De tudo o que uma cidade pode fazer de mal às águas que a banham, o desprezo talvez seja o pior – depois dele, o que de bom poderia acontecer? E, por alguma razão, Porto Alegre andou um longo tempo de costas para o Guaíba. Pessoalmente, lamento ter passado grande parte dos meus anos vivendo esse período. Ainda bem que também convivo, de instantes para cá, com iniciativas de reconciliação.
Meu pai, por exemplo, tomava banho no rio. Nasci e vivi até meus dez anos na mesma casa de sua infância, na Av. São Pedro, distante menos de um quilômetro da margem. Ali, há algumas docas privadas ainda ativas. Porém, no meu tempo, a poluição já tinha deixado o mergulho desaconselhável. Mais tarde, na juventude, uma rápida passagem pelo GPA (Clube de Regatas Guaíba Porto Alegre), devido ao convênio com a UFRGS, fez com que visitasse aquele corredor de águas, remando um canoe – e as duas gerações se tocaram. Devo dizer que pude comprovar de perto o estrago feito.
Limpar nossas águas será, por baixo, tão demorado quanto o tempo que levou para poluir. E não basta atuar localmente: as ações precisam abranger o Jacuí, o Sinos, o Caí, o Gravataí e os diversos arroios – dentre eles o Dilúvio. O interessante é a diferença que a troca de olhar pode influenciar neste processo. De costas, os malfeitos poderiam seguir acontecendo sem reação. De outra forma, ao oferecermos nosso olhar (e nosso respirar) para o Guaíba, veremos não apenas suas belezas – estaremos diante de suas mazelas. Assim, fazer as soluções tomarem o contrafluxo da correnteza.

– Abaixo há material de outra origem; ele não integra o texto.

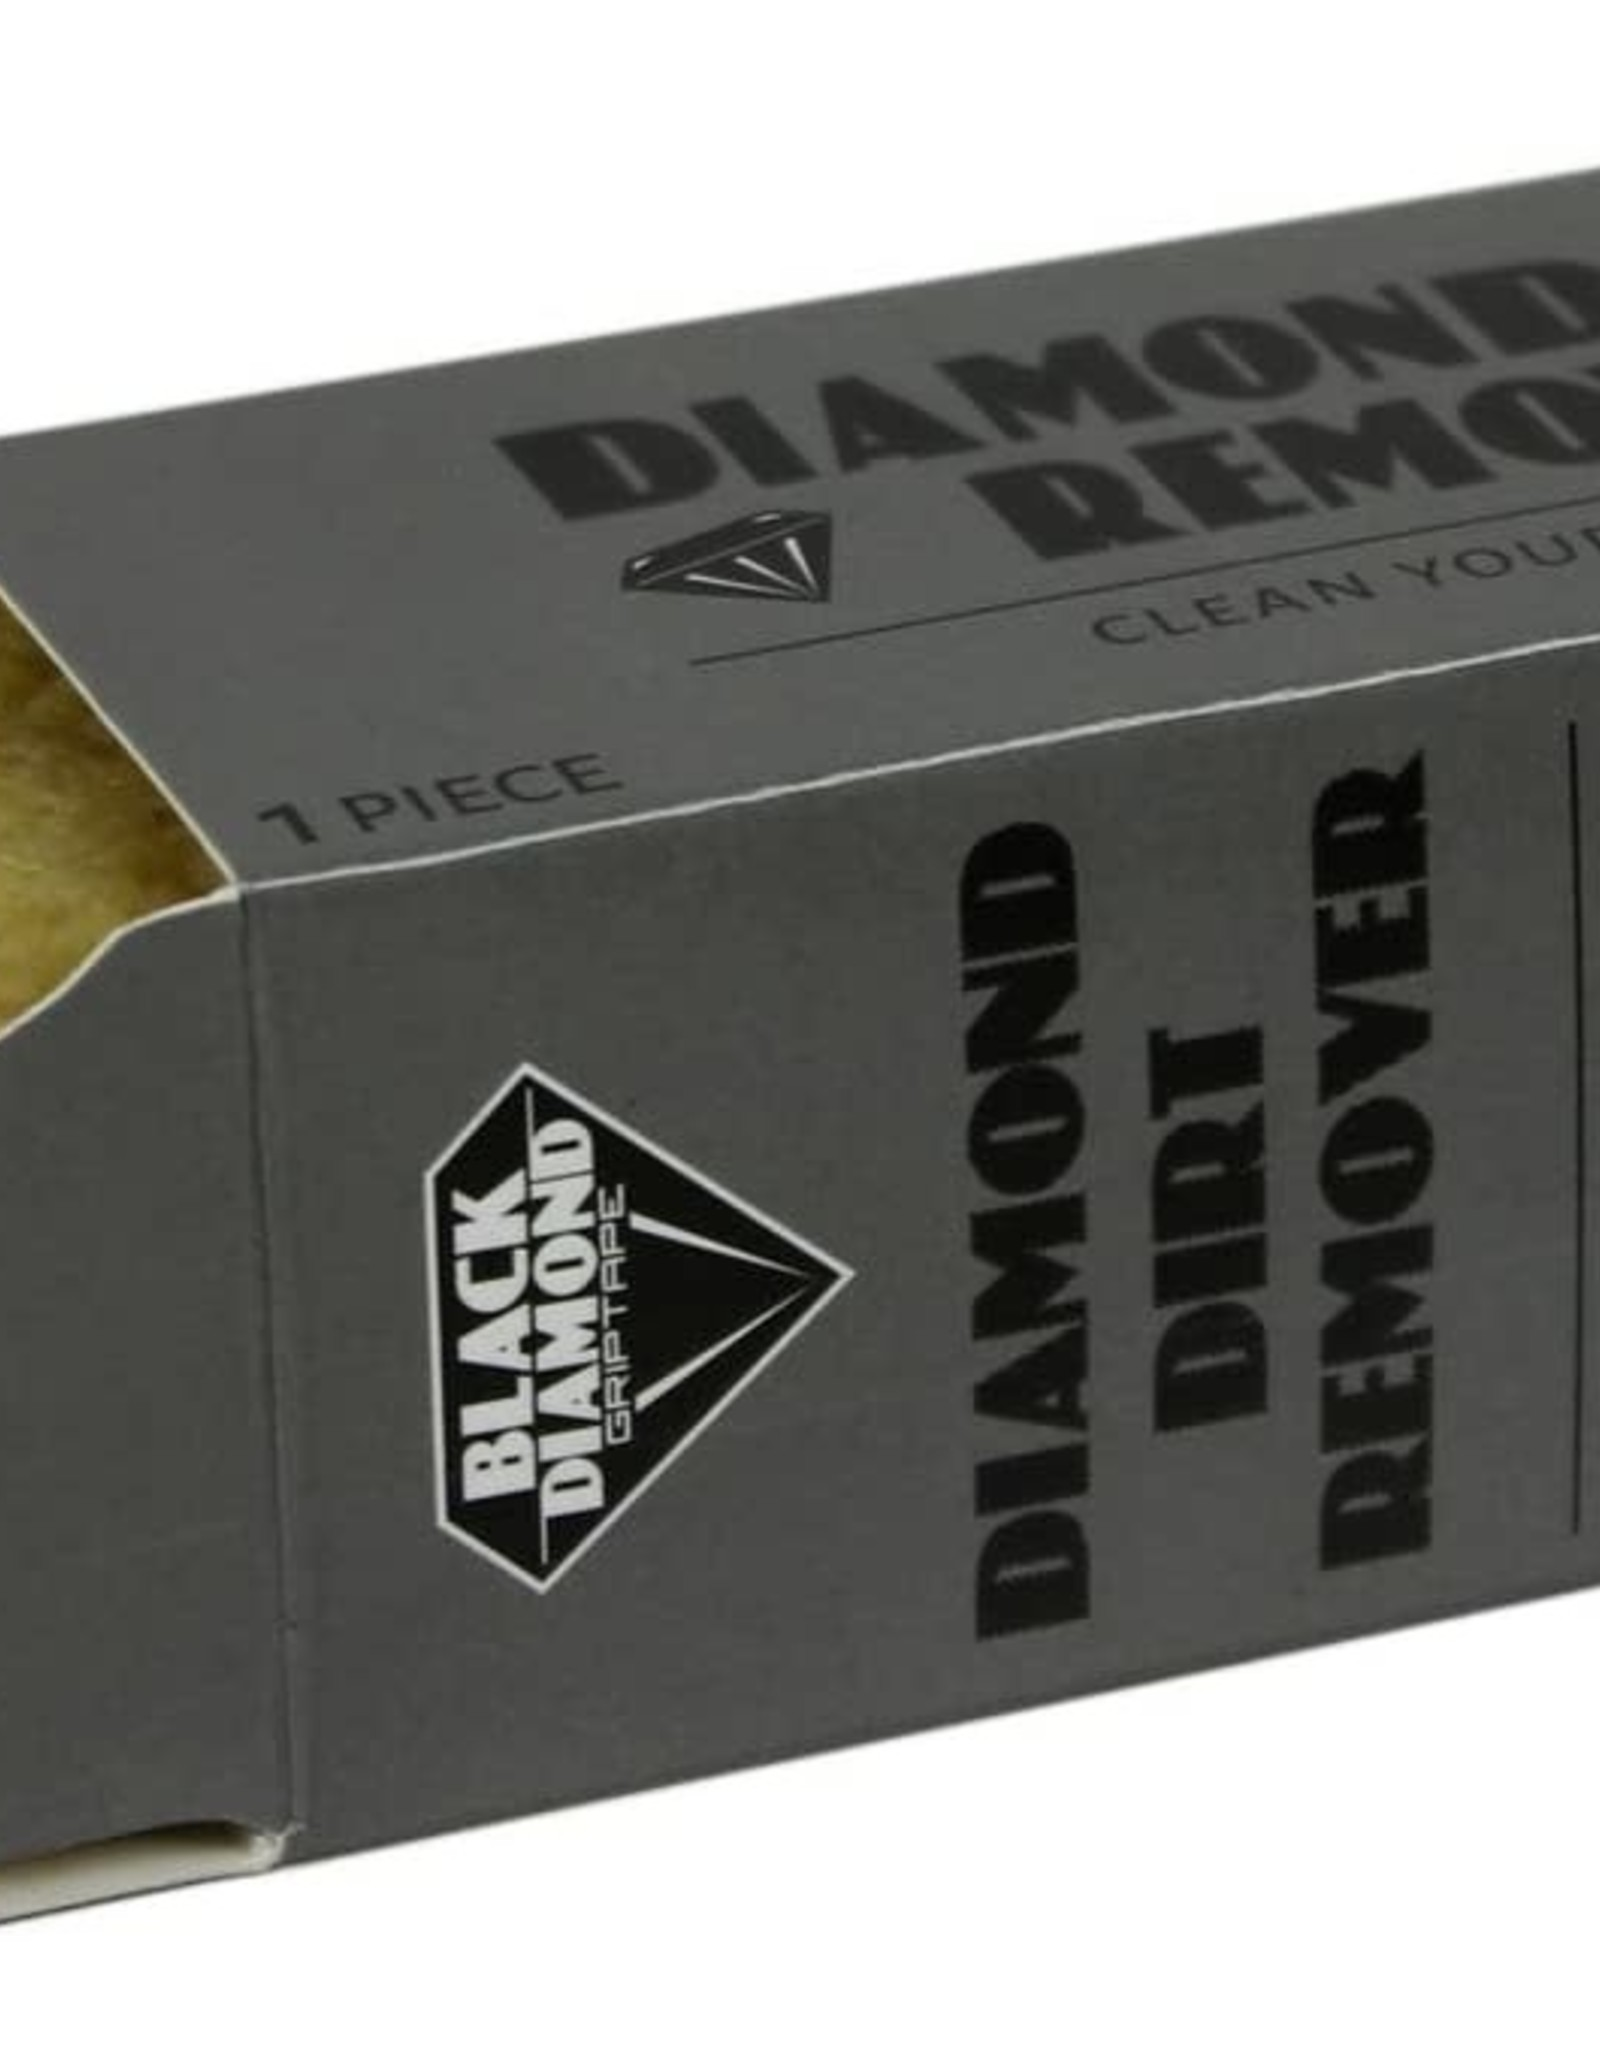 BLACK DIAMOND BLACK DIAMOND GRIPTAPE DIRT REMOVER CLEANER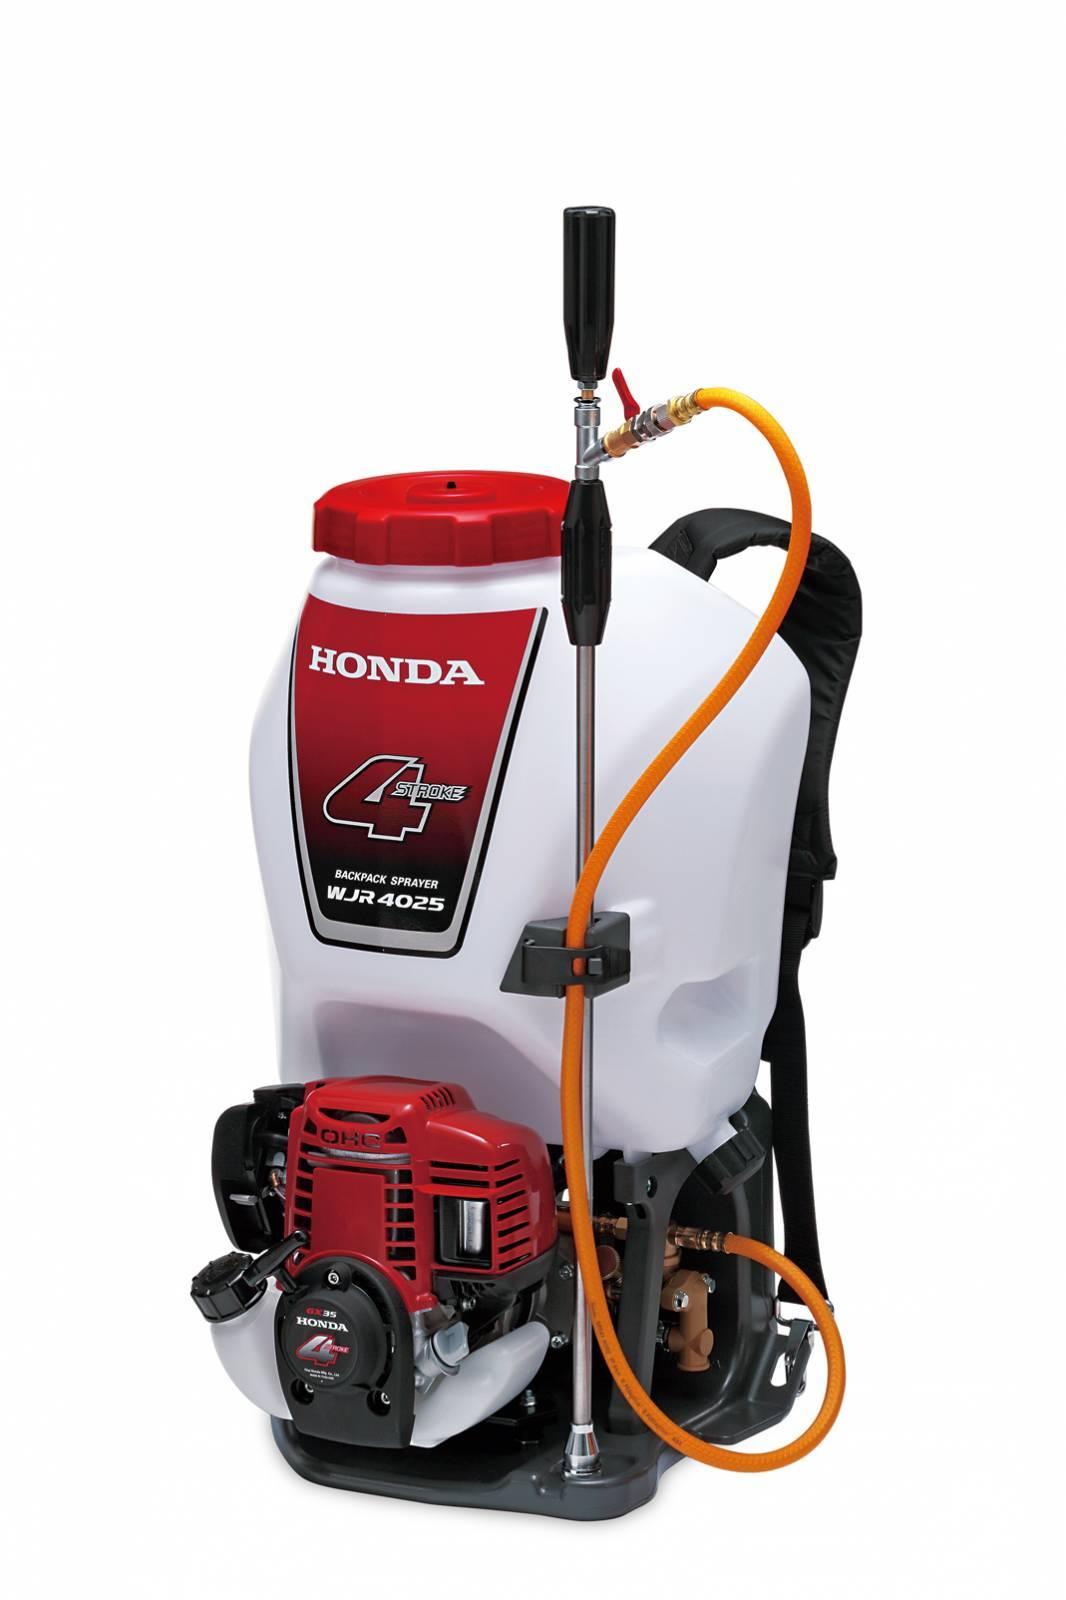 Pulverizador Honda WJR4025T Costal gasolina, ADQUIRA AGORA! - BSS Maquinas

Tenho pouca esperança de usufruir do Guaíba com a mesma intimidade experimentada por meu pai. Se minha geração trabalhar com afinco, meus filhos, ainda que na maturidade, alcançarão esse intento. Agora, se transmitirmos para eles um amor reconciliado, aos netos, com certeza, deixaremos as águas limpas, as margens acolhedoras, um novo-antigo tempo. E este período relativamente curto de litígio com a natureza será desprezível nos próximos 250 anos.
Minha queixa: as consequências do desprezo, tinham que ser logo comigo?!